The new legislation will likely identify a ‘Duty Holder’, the owner or operator, for example, who holds organisational responsibility and control over the premises or location. Where there is a shared organisational responsibility, the parties would be required to work together to ensure the Duty requirements were met. 

To ensure a proportionate approach, the legislation will use a two-tiered model. Each tier is linked to the activity that takes place at a location and its capacity.

Standard Tier: Publicly accessible locations with a capacity of 100 persons or more

To meet their obligations under the new legislation, Duty Holders in the standard tier (locations with a capacity of 100 or more – which could include larger retail stores, bars, and restaurants) will need to take steps to improve preparedness and security. These steps will consist of engaging with freely available counterterrorism advice and training, awareness raising and the cascading of information to staff, and implementing a counterterrorism plan. 

The objective is to ensure that staff are well versed in the processes they must follow and can take lifesaving steps should a terrorist incident occur. For instance, these steps could include locking doors to delay attackers gaining access and leading fellow staff and customers to safety through alternative exits. Additionally, staff could be trained to administer first aid while waiting for the emergency services to attend.

Enhanced Tier: Publicly accessible locations with a capacity of 800 persons or more

Given the potentially fatal consequences of a terrorist attack at larger venues, locations with a capacity above 800 persons – such as such as live music venues, theatres and department stores – will have to meet additional security requirements in the enhanced tier. 

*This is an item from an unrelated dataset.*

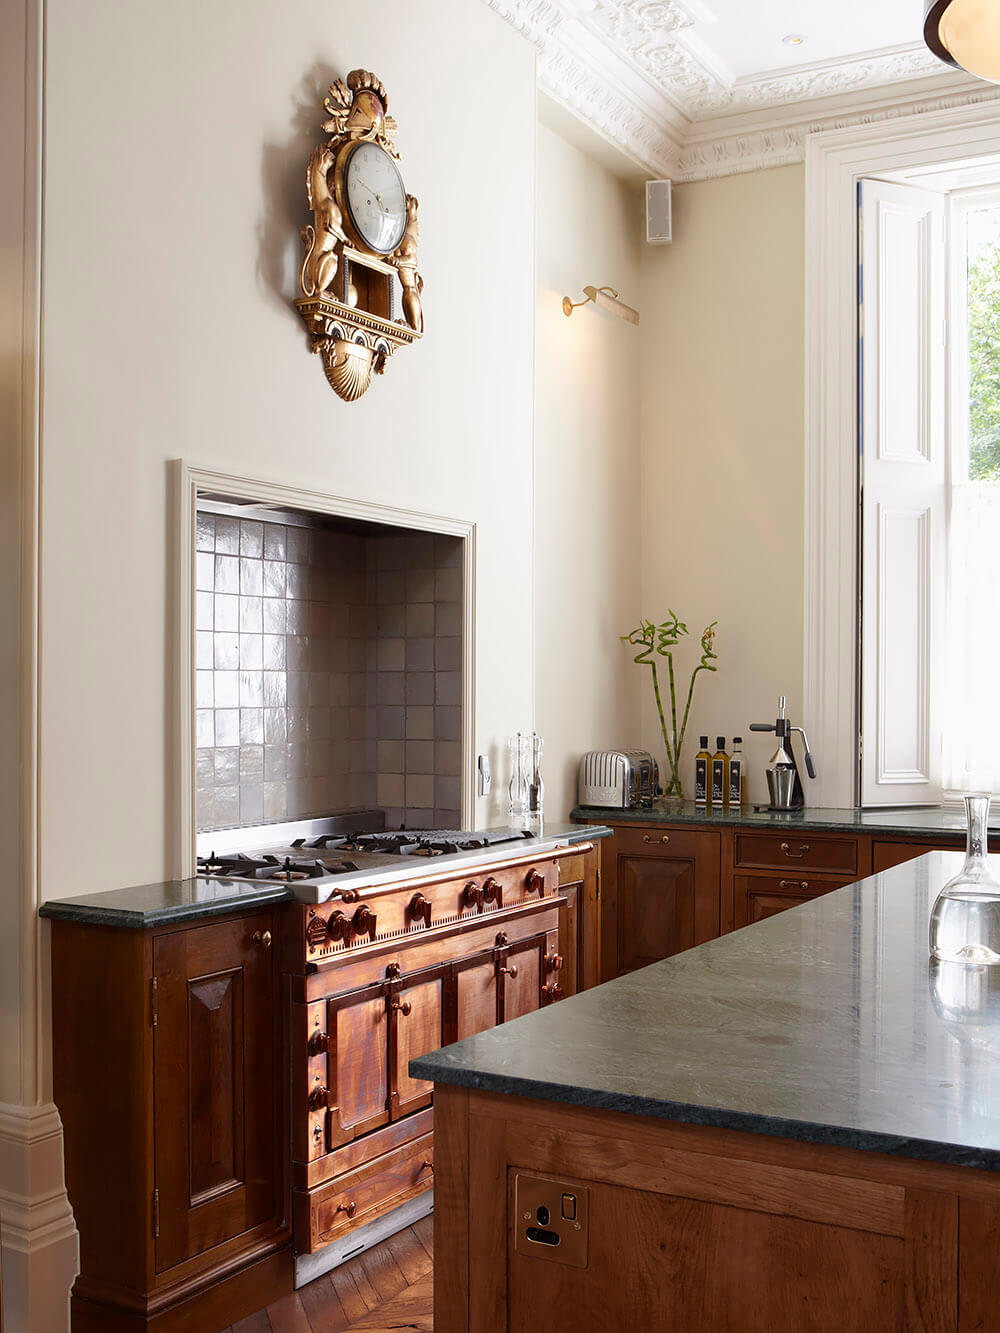 Luxury bespoke kitchen in Ladbroke Grove with parquet floor, wooden cupboards and antique clock on the wall.

Duty Holders will be required to undertake a risk assessment and formulate a security plan that is ‘reasonably practicable’ – a phrase that Duty Holders should be familiar with through Health & Safety and Fire Safety regulations. This approach will allow duty holders to use their judgement to balance risk reduction against the time, money and effort necessary to reach an adequate level of security preparedness.

Places of worship and locations run by volunteers

The Protect Duty puts all places of worship in the standard tier regardless of their capacity, except for a small number across all faiths that charge tourists for entry or hire out their premises for large-scale commercial events.

Some charities, community groups and social enterprises may own or operate premises (museums, national trust sites, and substantial public venues) that they hire out for commercial purposes. Since these are most likely to fall below the 800+ capacity limit, the Government considers the standard tier requirements proportionate for this cohort.

When will The Protect Duty come into force?

While no date has been given for the implementation of the Property Protect, the Home Secretary, Suella Braverman, reaffirmed the Government’s commitment to publish draft legislation in spring 2023. Those organisations most likely affected by Protect Duty should begin looking at how they protect the public from terror threats as soon as possible. 

Protect Duty enforcement and consequences

The Protect Duty will likely involve regular and on-the-spot inspections by an as-yet unidentified inspectorate. Indications are that its approach will be to educate, advise and ensure compliance with financial penalties expected for consistent non-compliance. If a terrorist incident does occur and lives are lost, a venue’s operators could be prosecuted under the Corporate Homicide or Corporate Manslaughter Act.

What you can do now

If you believe that the Protect Duty applies to your organisation, you should speak to your broker and ask them to review your policy wording to ensure there is sufficient cover in the event of a terror incident. Conducting a risk assessment in light of the new legislation and its requirements is also worth considering to identify and address any potential security vulnerabilities.